* _Collected material_

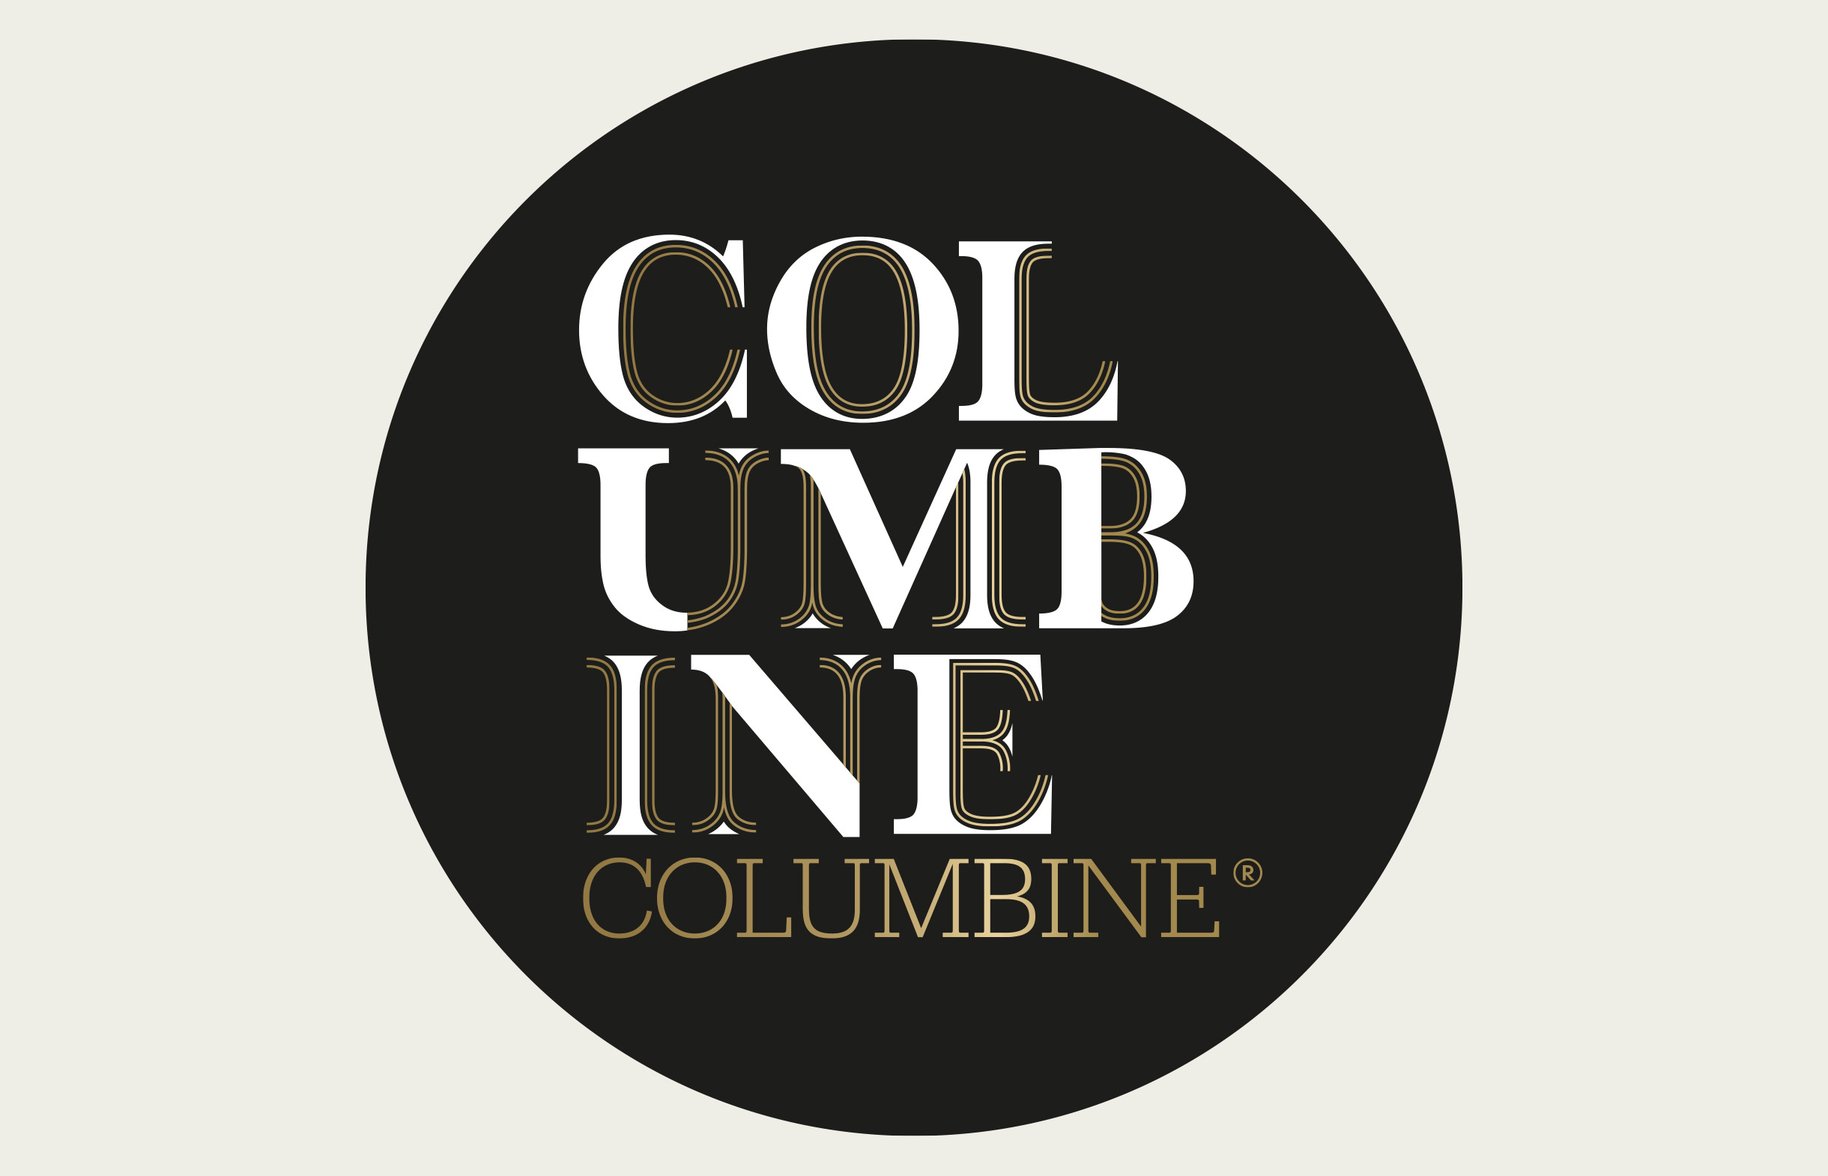 Columbine logo graphic
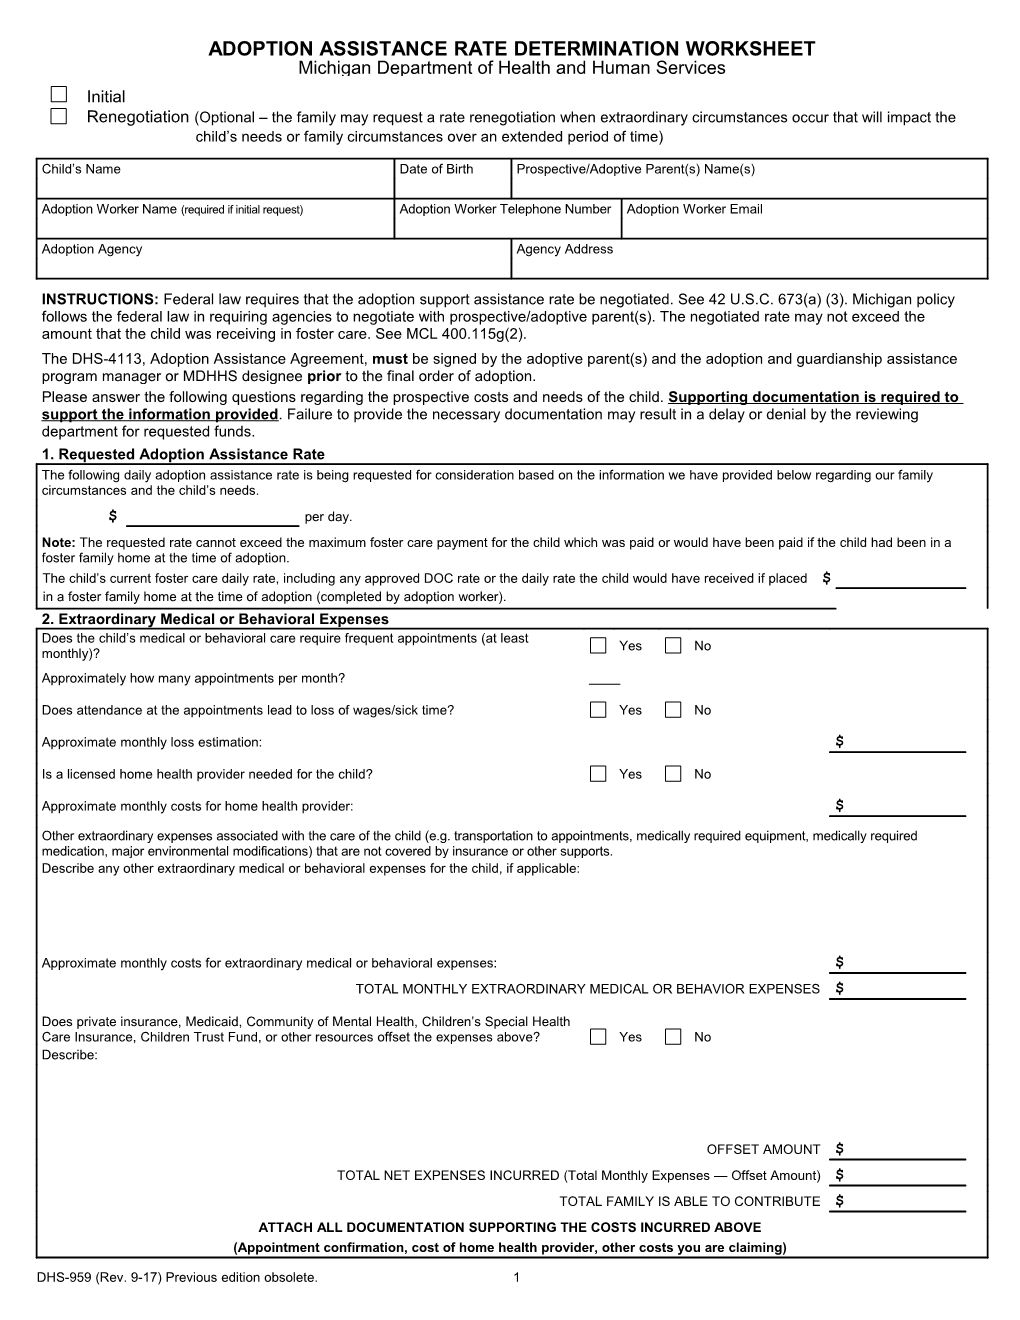 Adoption Assistance Rate/Determination Worksheet, DHS-959
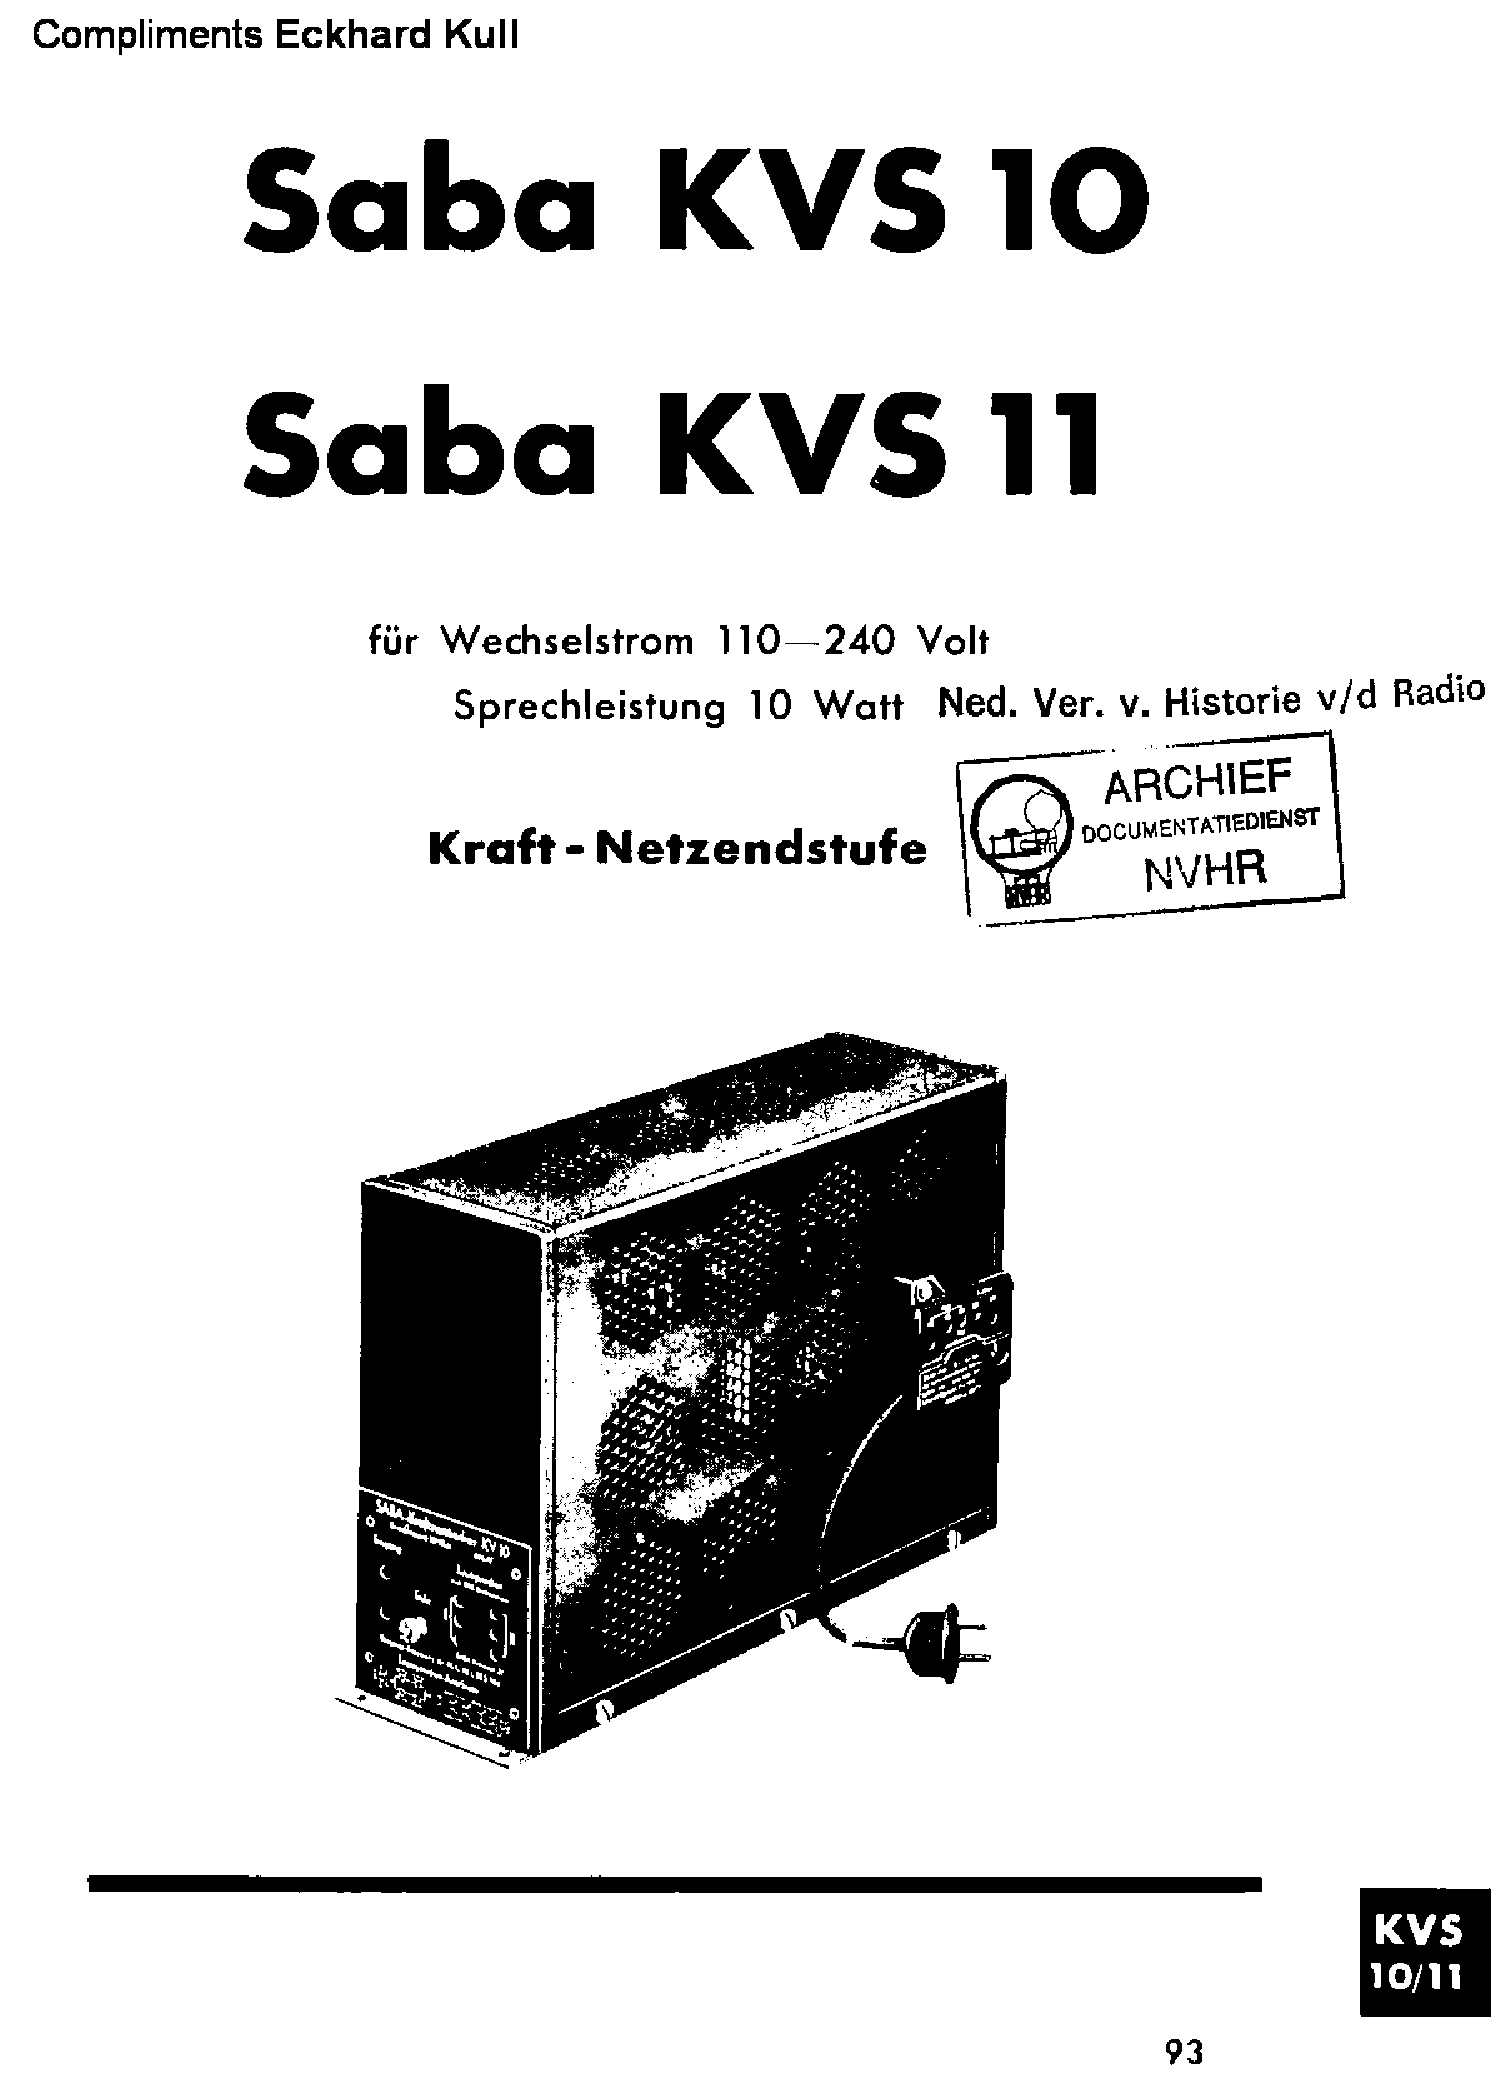 SABA KVS10 2XAD01 10W MAINS AUDIO PA SCH service manual (1st page)

* _What this task involves_
Write out the material above precisely, leaving each picture behind.

* _Exercise output_
 Columbine logo graphic
 Adoption Assistance Rate/Determination Worksheet, DHS-959
 SABA KVS10 2XAD01 10W MAINS AUDIO PA SCH service manual (1st page)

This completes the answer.